Pitrakinra

Clinical data
- Trade names: Aerovant
- Routes of administration: Inhalation, (subcutaneous injection)
- ATC code: none;

Legal status
- Legal status: Investigational;

Identifiers
- IUPAC name L-methionyl-[121-aspartic acid, 124-aspartic acid]interleukin-4;
- CAS Number: 1017276-51-5;
- ChemSpider: none;
- ChEMBL: ChEMBL2109159;

Chemical and physical data
- Formula: C_{651}H_{1054}N_{190}O_{200}S_{8}
- Molar mass: 14999.20 g·mol^{−1}

= Pitrakinra =

Pitrakinra (trade name Aerovant) is a 15-kDa human recombinant protein of wild-type human interleukin-4 (IL-4). It is an IL-4 and IL-13 antagonist that has been studied in a phase IIb clinical trial for the treatment of asthma. Two point mutations on pitrakinra (position 121 mutated from arginine to aspartic acid and position 124 mutated from tyrosine to aspartic acid) confer its ability to block signaling of IL-4 and interleukin-13 (IL-13) by preventing assembly of IL-4 receptor alpha (IL-4Rα) with either IL-2Rγ or IL-13Rα. Upregulation of Th2 cytokines, including IL-4 and IL-13, is thought to be critical for the allergic inflammation associated with atopic diseases such as asthma and eczema. The targets of pitrakinra action are inflammatory cells (dendritic cells, Th2 cells, B cells) and structural cells (smooth muscle, endothelium, epithelium) that express IL-4Rα.
The drug has been applied both as a subcutaneous injection and as an inhalation, but the latter formulation proved to be more effective.

==Mechanism of action==
Asthma results from a dysregulated, hyperresponsive immune response in the airways. Some immune cells in allergic asthmatics respond aggressively to foreign allergens with the release of IL-4 and 13, two key mediators that initiate a cycle of inflammation in the lung. Pitrakinra is an antagonist of the interleukin-4 receptor alpha chain, a protein that is also part of IL-13. It thereby blocks the inflammatory effects of IL-4 and IL-13, interrupting the Th2 lymphocyte immune response.

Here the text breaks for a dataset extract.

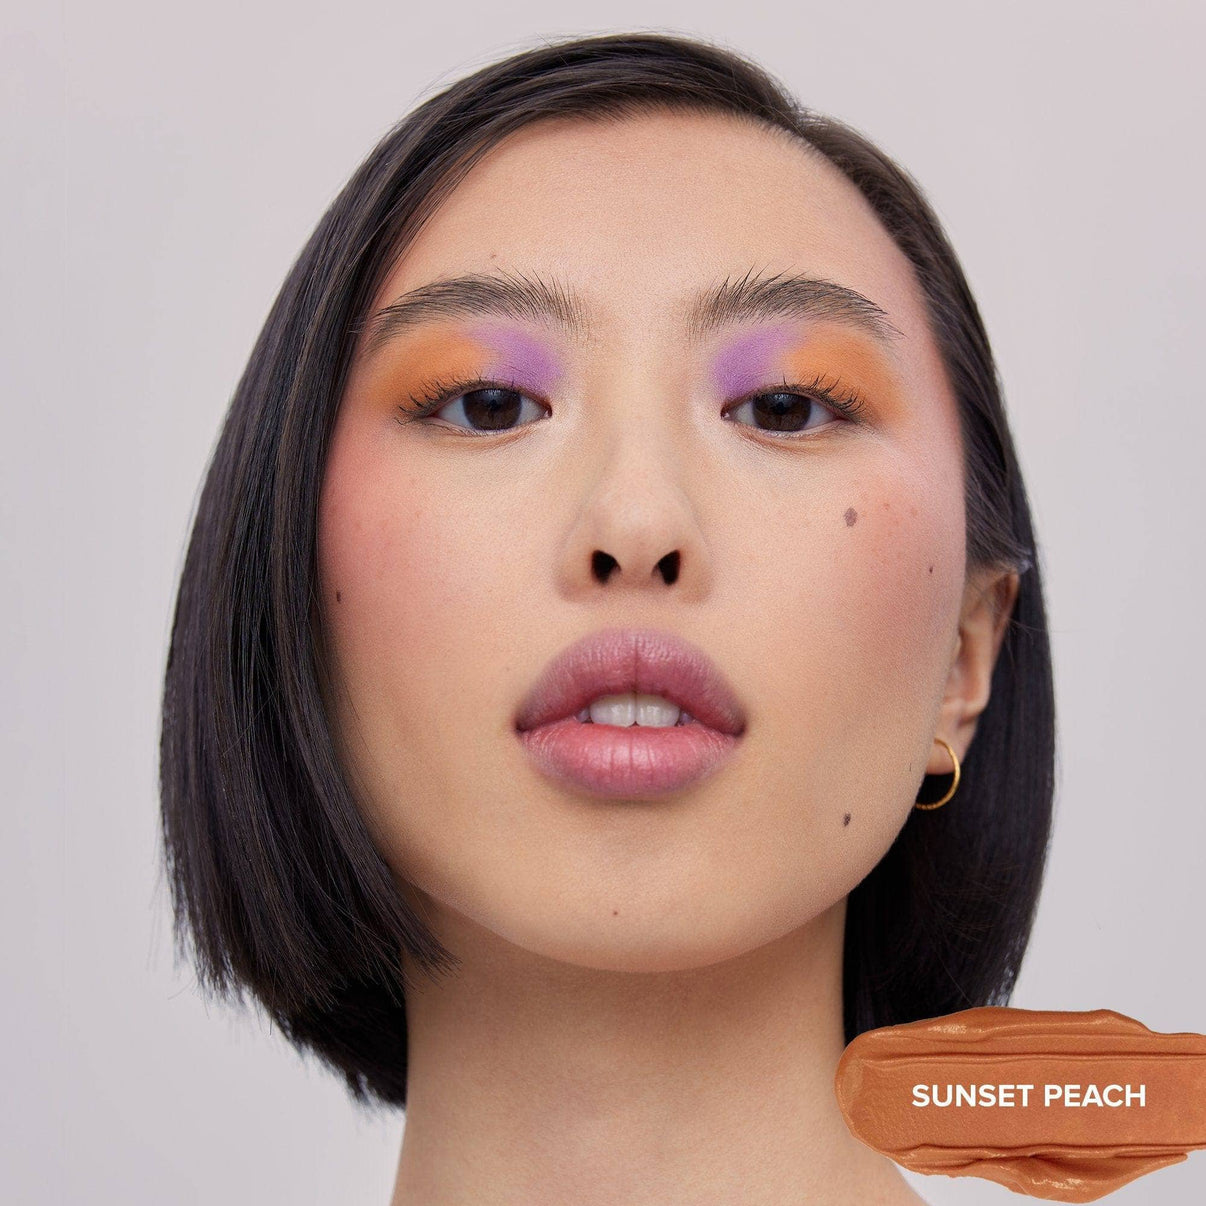 Face makeup with Magnetic Plush Paints in shade sunset peach
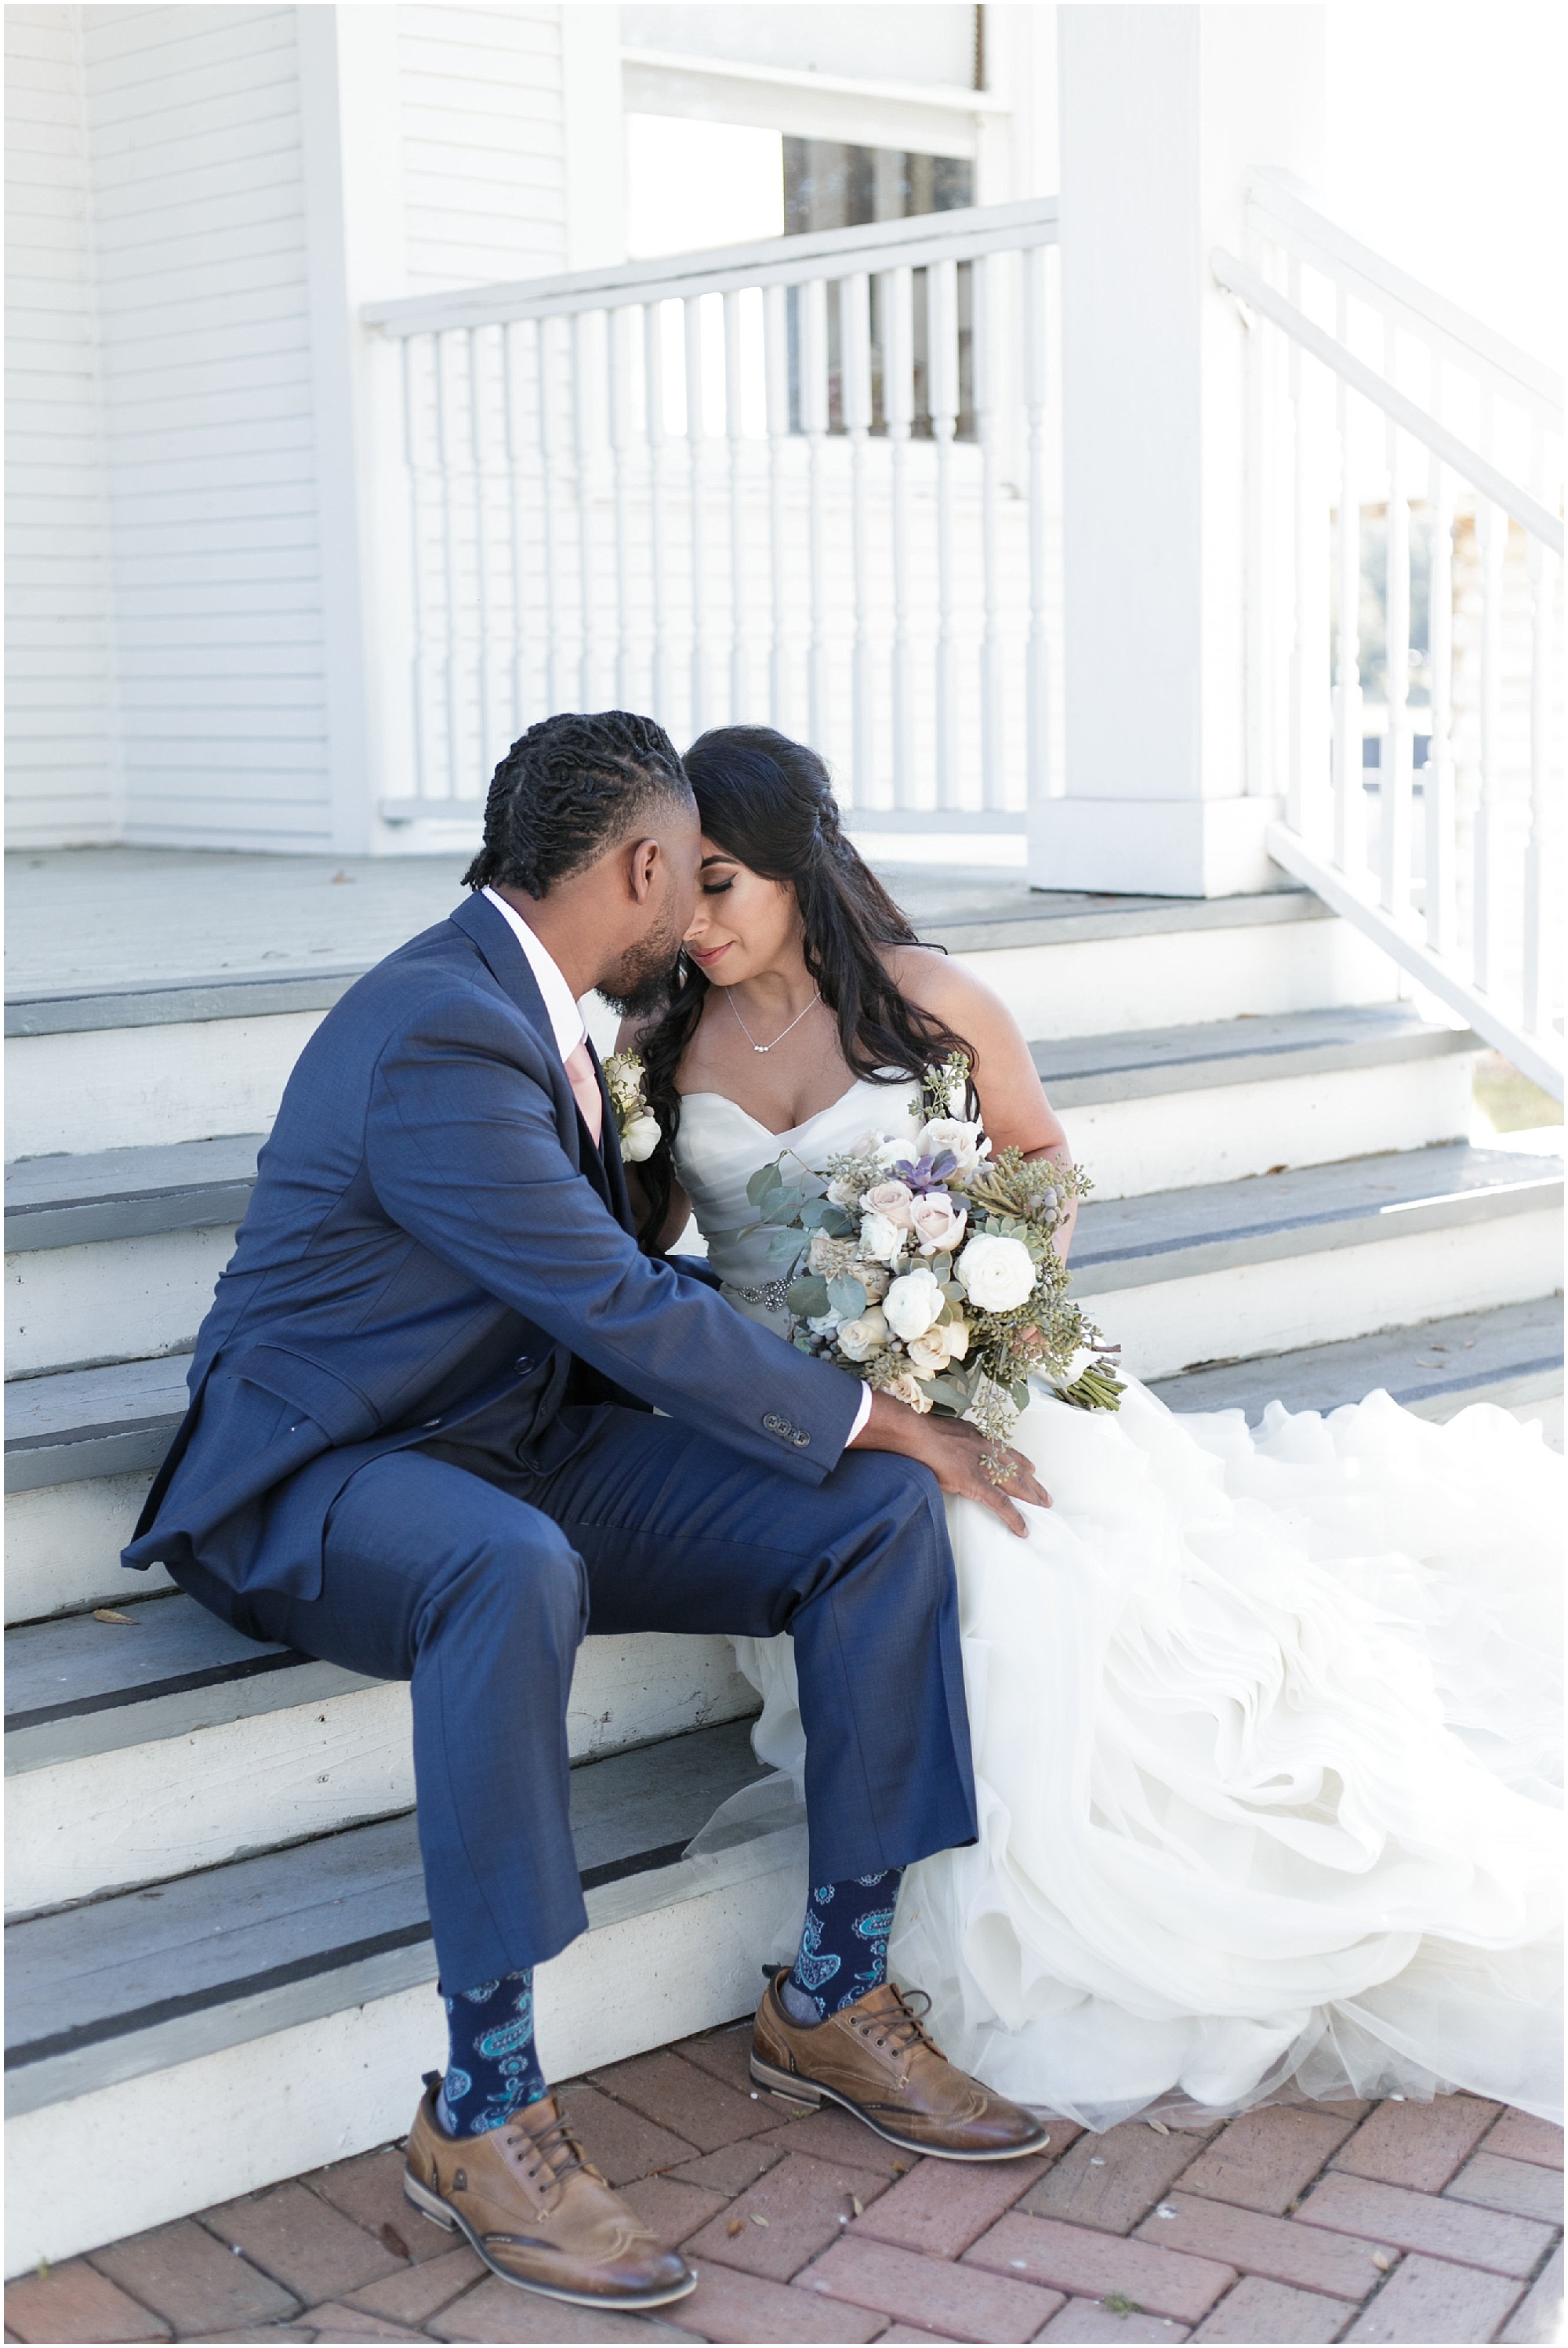 Bride and groom snuggling while sitting on steps of a library.

Pitrakinra protects allergic cynomolgus monkeys from allergen-induced airways hyper-responsiveness and lung eosinophilia in both prophylactic and therapeutic model settings. Subcutaneous injection of pitrakinra in human patients with severe atopic eczema for 4 weeks or more decreases the eczema clinical score and circulating IgE concentrations, and normalized T-cell subsets. Decreases in Forced Expiratory Volume in 1 s (FEV1) after allergen challenge after 4 weeks of inhalation of pitrakinra supports the hypothesis that dual inhibition of IL-4 and IL-13 can affect the course of the late asthmatic response after experimental allergen challenge. The reduced frequency of spontaneous asthma attacks requiring rescue medication use suggests that the use of pitrakinra improves the control over asthma symptoms.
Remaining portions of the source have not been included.